Dataset extract:
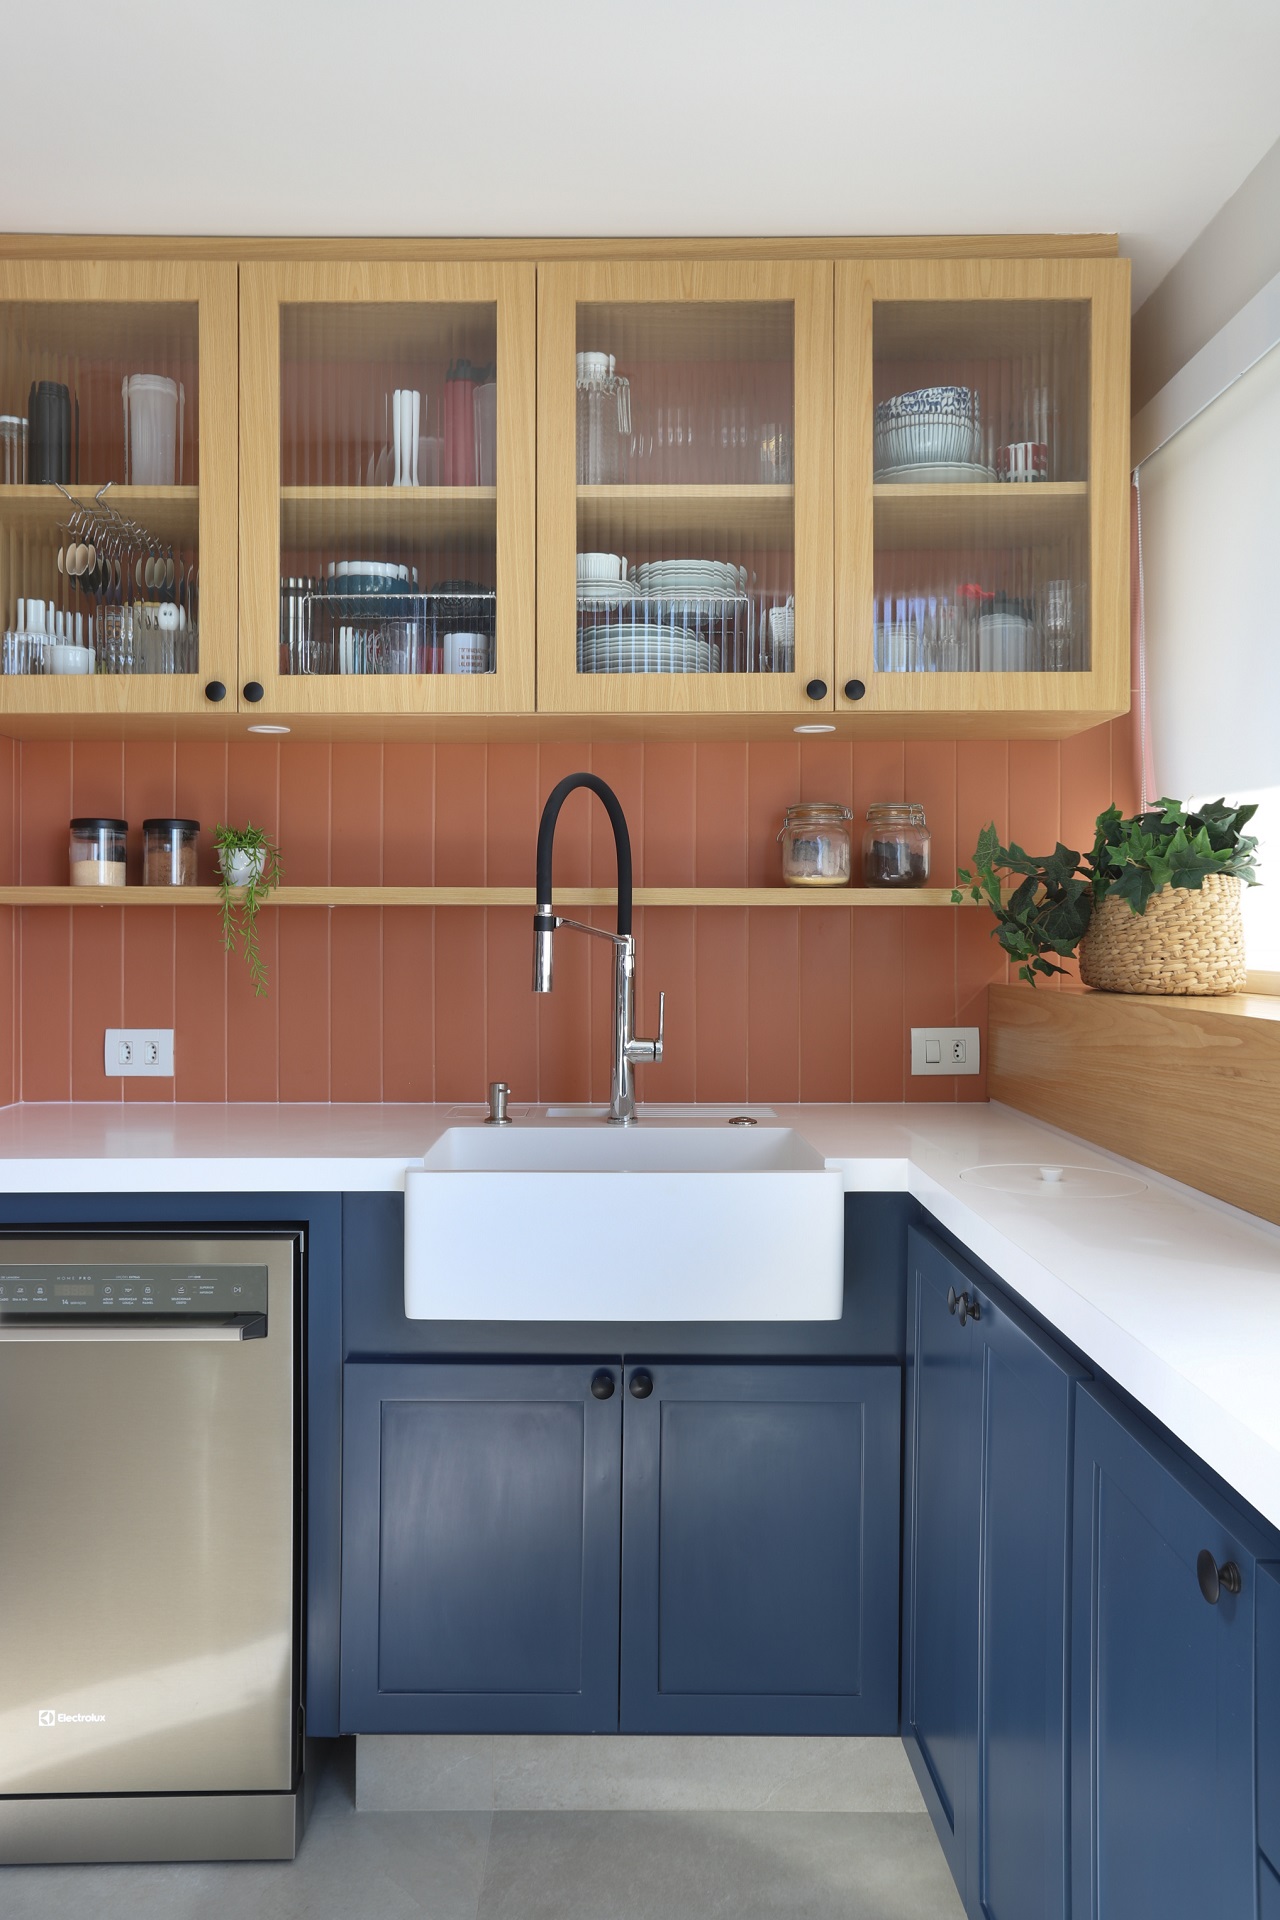 Cozinha com armários em madeira e azul; bancada branca; e backsplash laranja
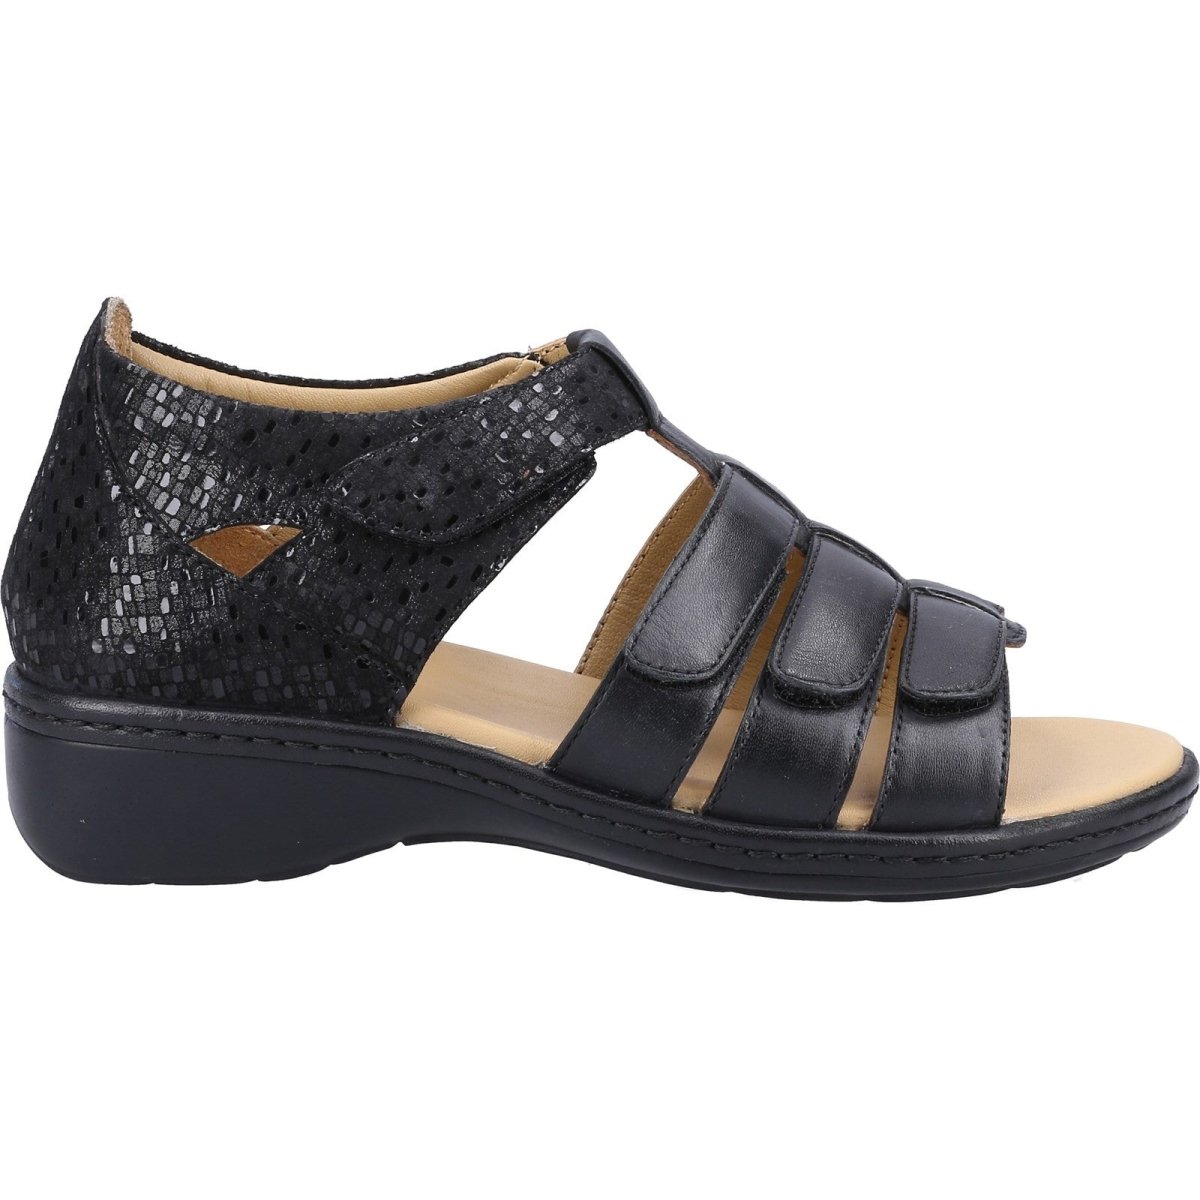 Fleet & Foster Julie Ladies Touch-Fastening Summer Sandals - Shoe Store Direct
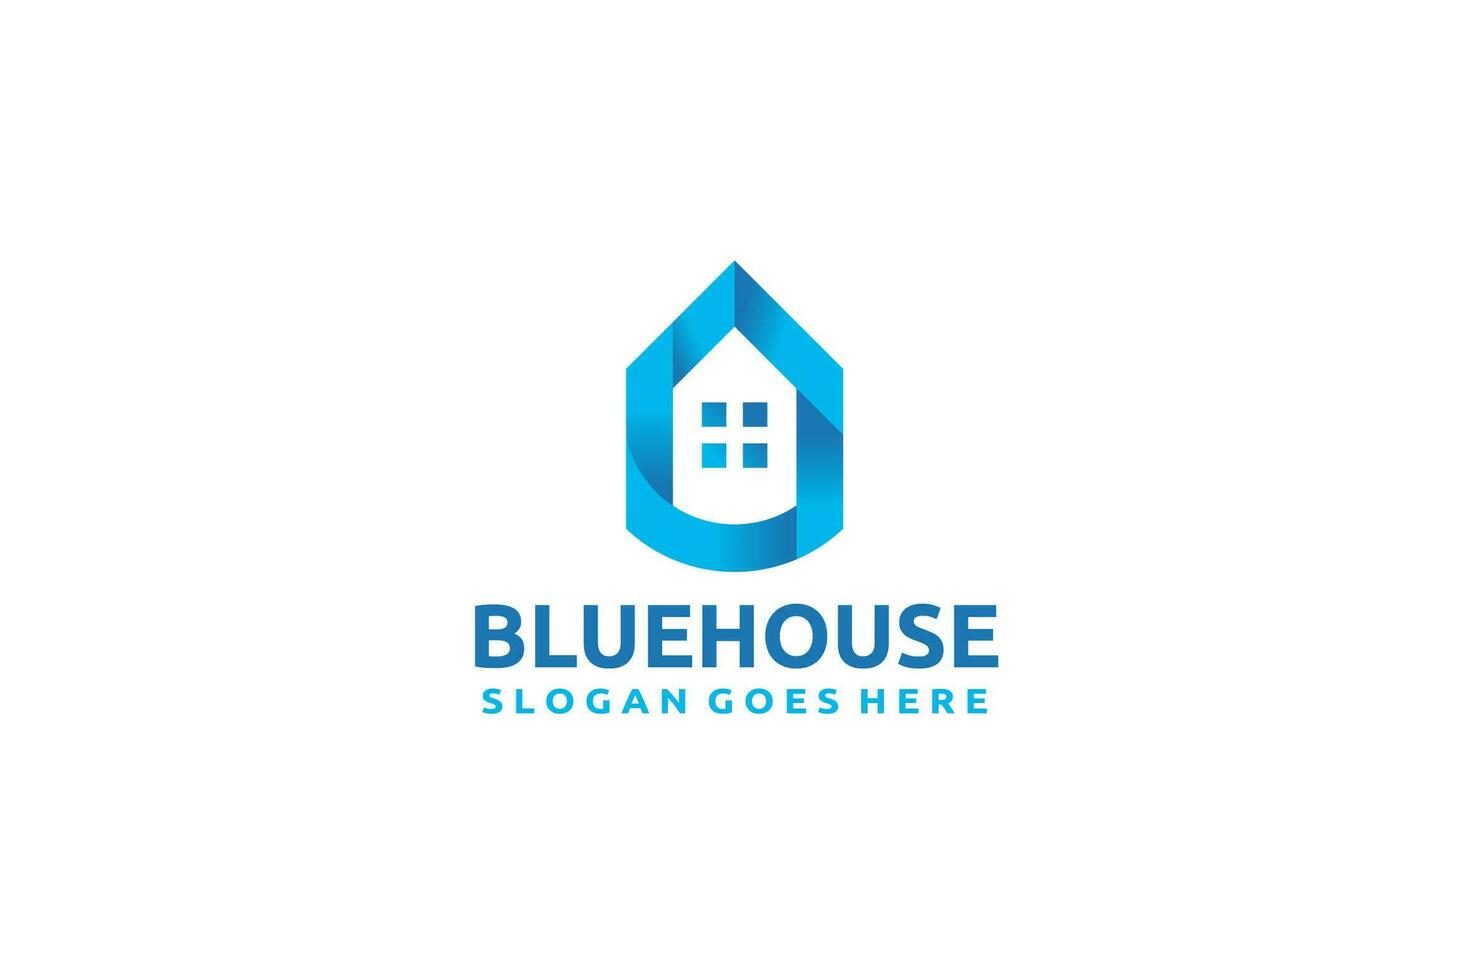 Logo de la maison bleue vecteur

What to do: Each line of the material goes into your copy unchanged, but no picture does.

Result of the exercise:
 Cozinha com armários em madeira e azul; bancada branca; e backsplash laranja
 Fleet & Foster Julie Ladies Touch-Fastening Summer Sandals - Shoe Store Direct
 Logo de la maison bleue vecteur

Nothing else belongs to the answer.